March 18, 1999
For sixth straight year U.S. News & World Report ranks University of Washington as top primary-care medical school
For the sixth year in a row, the University of Washington School of Medicine has ranked as the nation’s top primary-care medical school in U.S. News & World Report’s annual survey of graduate and professional schools.
The magazine’s researchers compared the nation’s medical schools on several factors, including student selectivity, percentage of graduates entering primary care, faculty/student ratios, and reputation. Reputation was based on the results of a questionnaire sent to the country’s medical school deans, senior faculty, and residency program directors.
“I’m pleased that the high quality of the UW medical school’s students and faculty, and the opinion of our colleagues throughout the country, has led to this ranking,” said Dr. Paul G. Ramsey, vice president for medical affairs and dean of the School of Medicine.

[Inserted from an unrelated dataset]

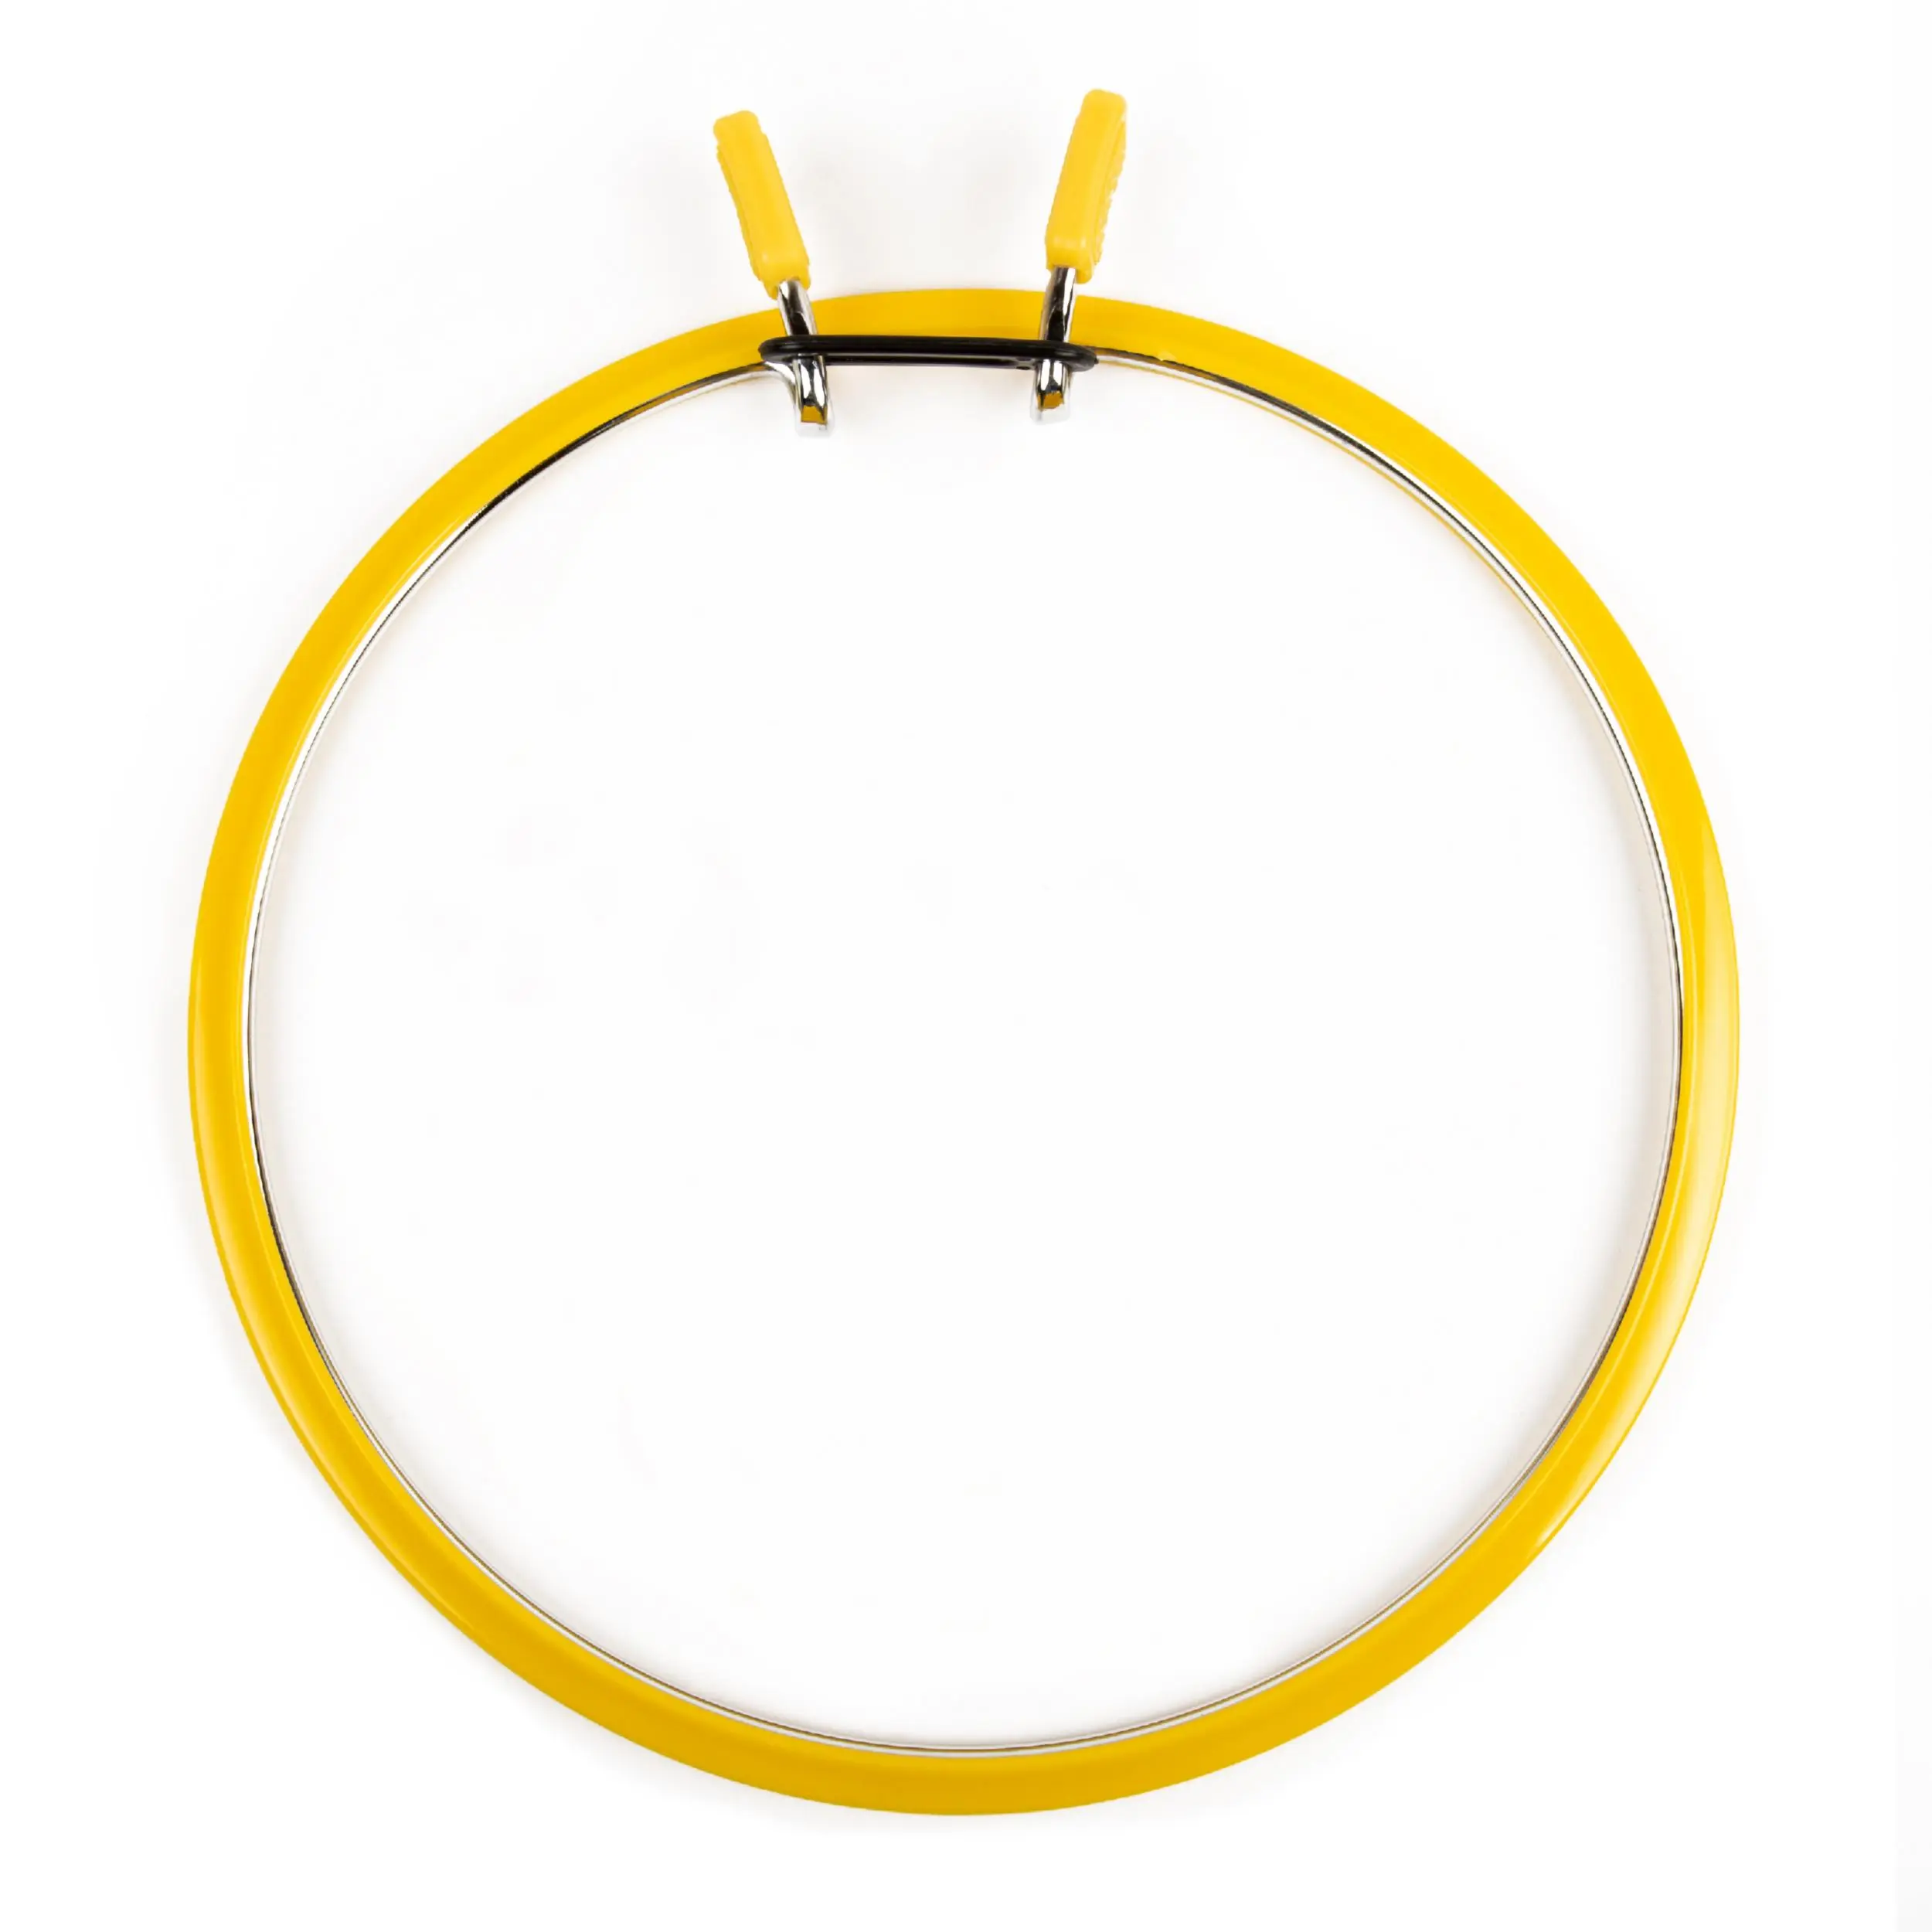 160-1/жовті Пяльці Nurge пружинні для вишивання та штопки, висота обідка 7мм, діаметр 195мм

He noted, “Our faculty at the UW Academic Medical Center, including basic scientists, specialists and primary-care providers, are highly dedicated to the education and training of new physicians. In addition, our partner universities, community physicians and other health professionals practicing in the five states in the WWAMI Program of regionalized medical education — Washington, Wyoming, Alaska, Montana, Idaho and Alaska — have contributed greatly to the quality of education our medical students receive. Our faculty in neighboring states, as well as those close by, provide educational experiences that encourage medical students to consider entering practices where they are most needed — in rural areas, in the inner city, or working with populations who otherwise would not be able to obtain adequate health care.”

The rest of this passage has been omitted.